"This is not tough. Sitting in a gym all day and watching games is not tough. This is the lifeline of your program. It's not the X's and O's. It's the Jimmys and Joes. "
--West Virginia assistant Billy Hahn
By Dana O'Neil
LAS VEGAS -- Before NCAA rules required coaches to come off the road during the July recruiting period, Billy Gillispie would pack his bags and go.
Not just a little carry-on. He'd pack up every last stitch of clothing in his closet, every personal memento or trinket. All of it.
A year ago, college basketball paused in shock and grief to bury former Wake Forest coach Skip Prosser. Many college basketball coaches had flown on the same red-eye that Prosser took -- in the endless search for new talent from the Las Vegas tournaments to the Orlando AAU event a day earlier -- and were sitting in the stands of Disney's Milk House when the news of Prosser's death began to spread.
Even miles away in Vegas, the mood shift was palpable. Coaches who still remained in town that Thursday looked haggard and worn, some still asking if the news was really true.
Sudden, shocking deaths often lead to promises of change and restructure. After Lyle Alzado's death, athletes vowed to avoid steroids; and Len Bias' untimely passing was supposed to scare people off cocaine.
Prosser's passing was no different. In the days immediately following his July 26, 2007, death from a heart attack, coaches nodded their heads and agreed that the recruiting cycle had become too demanding, that coaches were wearing themselves out with crazy travel calendars and unhealthy eating habits.
Yet last week, planes stuffed with coaches trying to see the last game in the desert and the first one in Orlando still left Las Vegas in the wee hours. The P.F. Chang's near the Strip remained jammed with coaches at 11 p.m., just then grabbing their dinners, and In-N-Out Burger drive-throughs saw a steady stream of rental cars, their drivers too busy to stop and actually get out of the car to eat.
Nothing has changed at all, and it's not just because the rules dictate it.
It's because coaches' hard wiring would be short-circuited if things ever really changed.
"We all secretly love it," Michigan coach John Beilein said. "Most of us have been doing this all of our lives. We don't know what a July vacation is and to be honest, I've never packed my bags with regret. I look forward to it, most of us do."
Spend the recruiting week in Vegas and you're bound to hear laments about the travel grind and faulty GPS systems to navigate from one gym to the next. Coaches will stuff themselves with hot dogs at gym concession stands and then wonder how in the world they came to Vegas, a town filled with top restaurants, and managed never to eat anything good.
Life on the summer recruiting trail is an endless, tiring month of games and cross-country travel.
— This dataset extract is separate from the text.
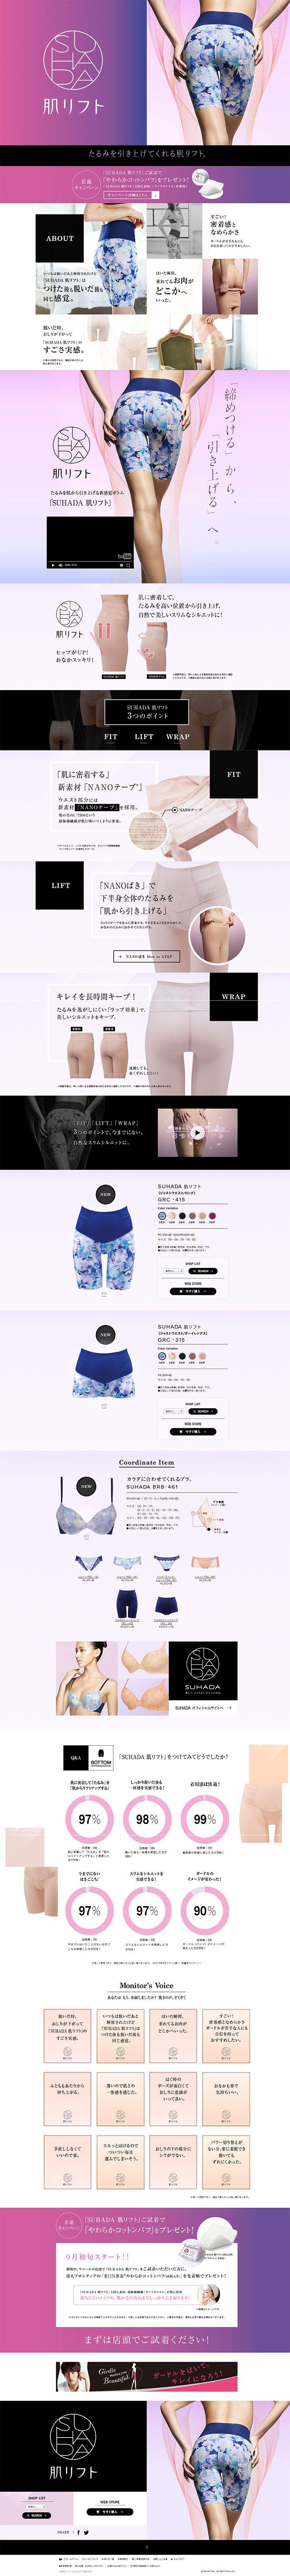 SUHADA 肌リフト【ファッション関連】のLPデザイン。WEBデザイナーさん必見!ランディングページのデザイン参考に(シンプル系)

But good luck getting one coach to take an AAU tournament off.
They will bemoan the nasty case of bleacher butt and wander aimlessly in parking lots, pointing their remotes in the hopes that their car will click back its location.But they will also sit in the stands and tell war stories as they laugh and smile like kids reuniting at the annual summer camp jamboree.
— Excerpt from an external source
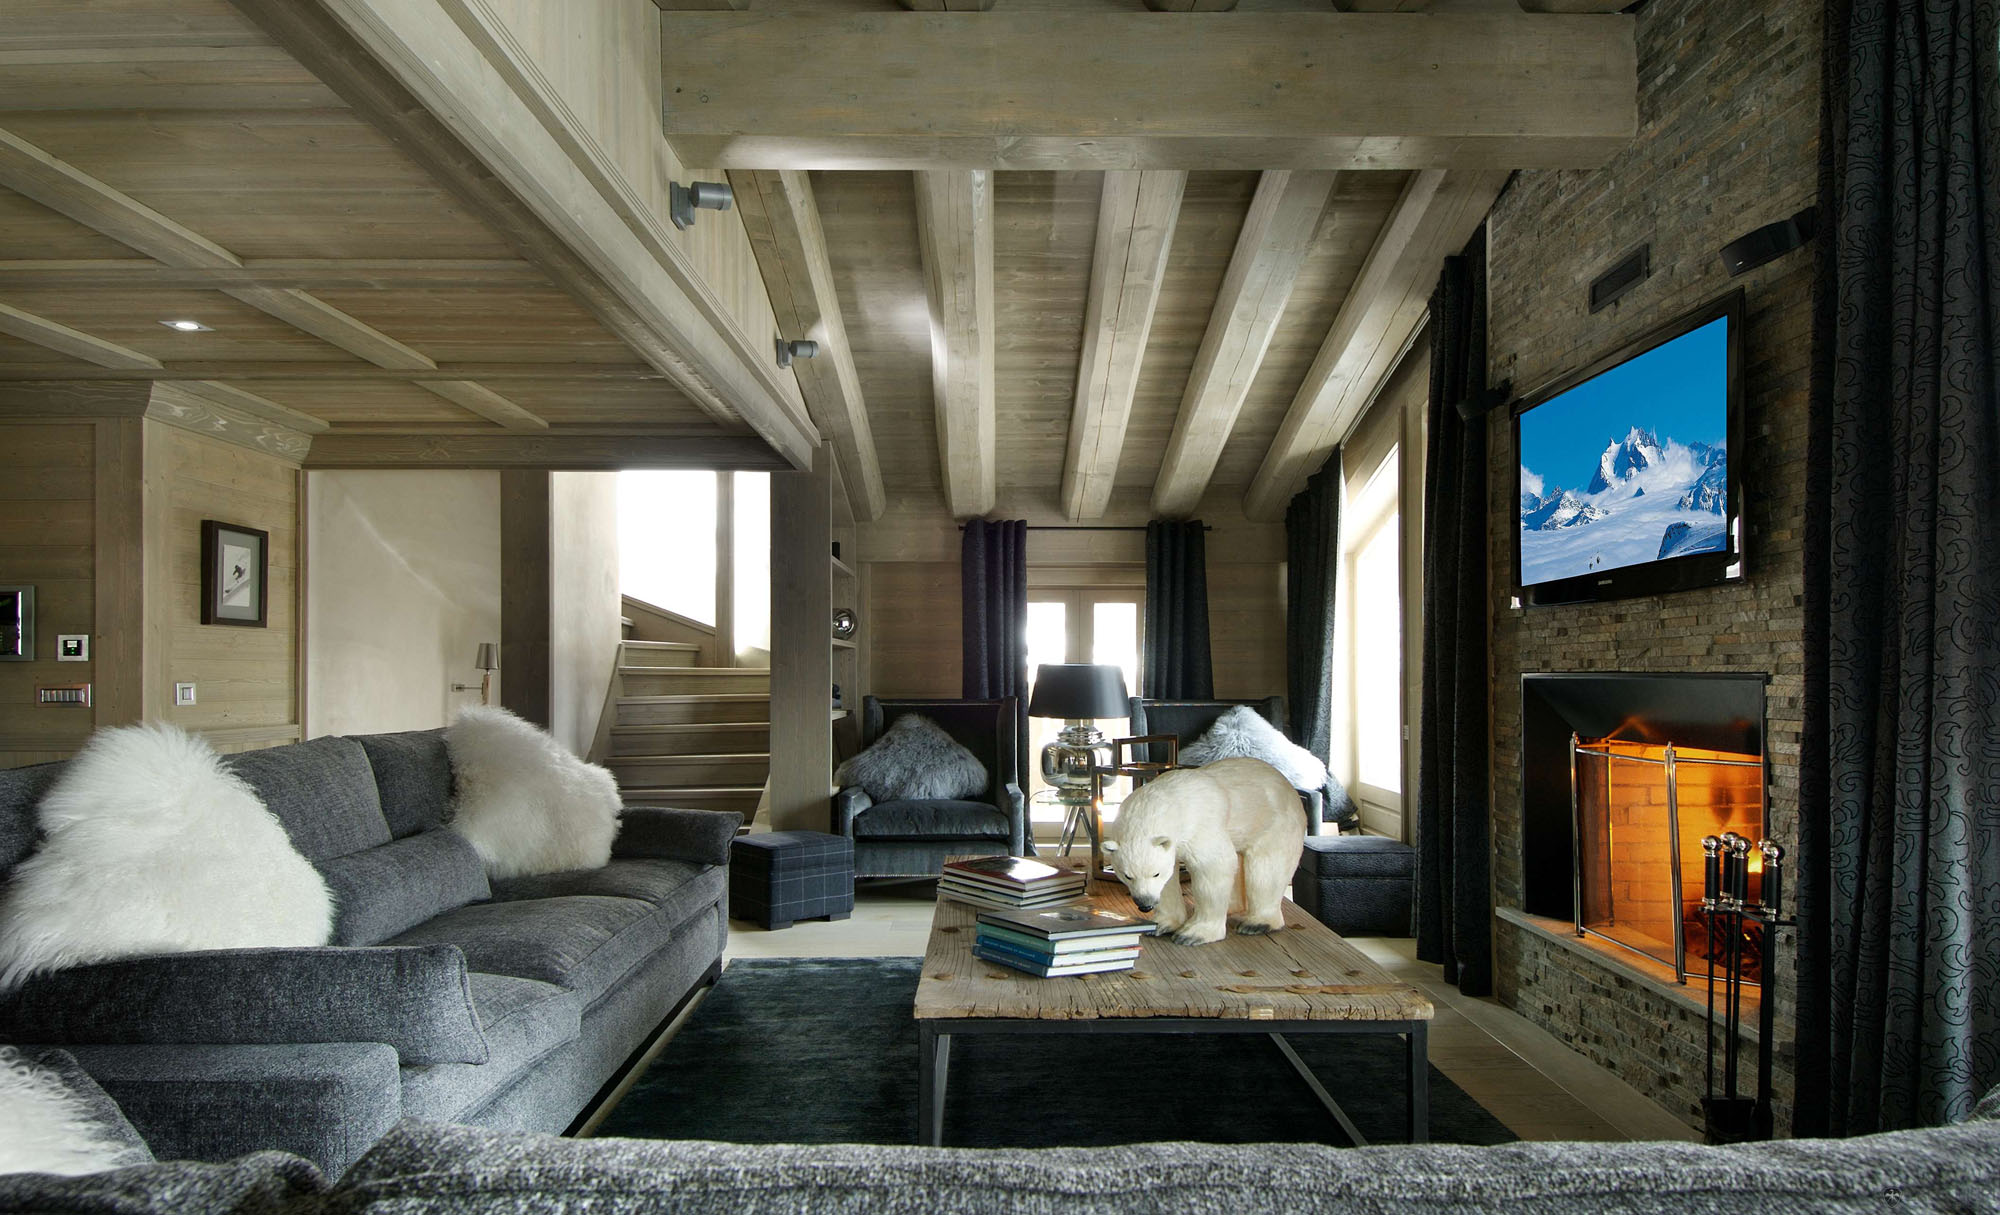 Luxus Interieur Ideen fürs Wohnzimmer – 70 moderne, innovative ...

This is as comfortable to them as putting together a game plan or drawing up an inbounds play.
"I think like all jobs, there are pluses and minuses," College of Charleston coach Bobby Cremins said. "But we love to be in the gyms. We love to be around good players and watch good games. I don't think this had anything to do with Skip's death. I really don't."
Competitive by nature, coaches view recruiting as just another season they have to win. They spend hours folded into the bleacher seats because they want to make sure they don't miss anything and (perhaps even more so) that the other guy doesn't find anything.
Just listen to the language: schools "lose out" on a prospect or get "beat out." The implication is obvious -- someone worked harder, went to more games, opted for more hoops over dinner.
You may not win a recruit, but you surely can lose one.
So they will spend hours in the gym babysitting kids from whom they already have commitments, lest it looks as if they've lost interest and thereby have opened the door for a competitor to swoop in and undo a verbal commitment.
They'll search for that undiscovered talent (Bob McKillop discovered Stephen Curry here and Beilein spied Joe Alexander) and salivate over unsigned kids who dangle like carrots (the star coach power quotient ratcheted up a few notches every time 2009 top talents Kenny Boynton and Renardo Sidney played in Vegas).
"Sometimes I think this is the most important thing we do, more important than coaching games," new South Carolina coach Darrin Horn said.
Back in the day, camps were smaller. Cremins remembered attending the old Nike camp in Princeton, where afternoons without games allowed for a tennis match against former Princeton coach Pete Carril.
No more. Most camps feature rising sophomores, juniors and seniors. Pair that with a condensed NCAA recruiting calendar, and there's no choice but to pack a day with dawn-to-dusk hoops. At the Reebok All-American camp in Philadelphia, officials had to eliminate what was supposed to be a two-hour break between sessions because the camp drew more players than expected.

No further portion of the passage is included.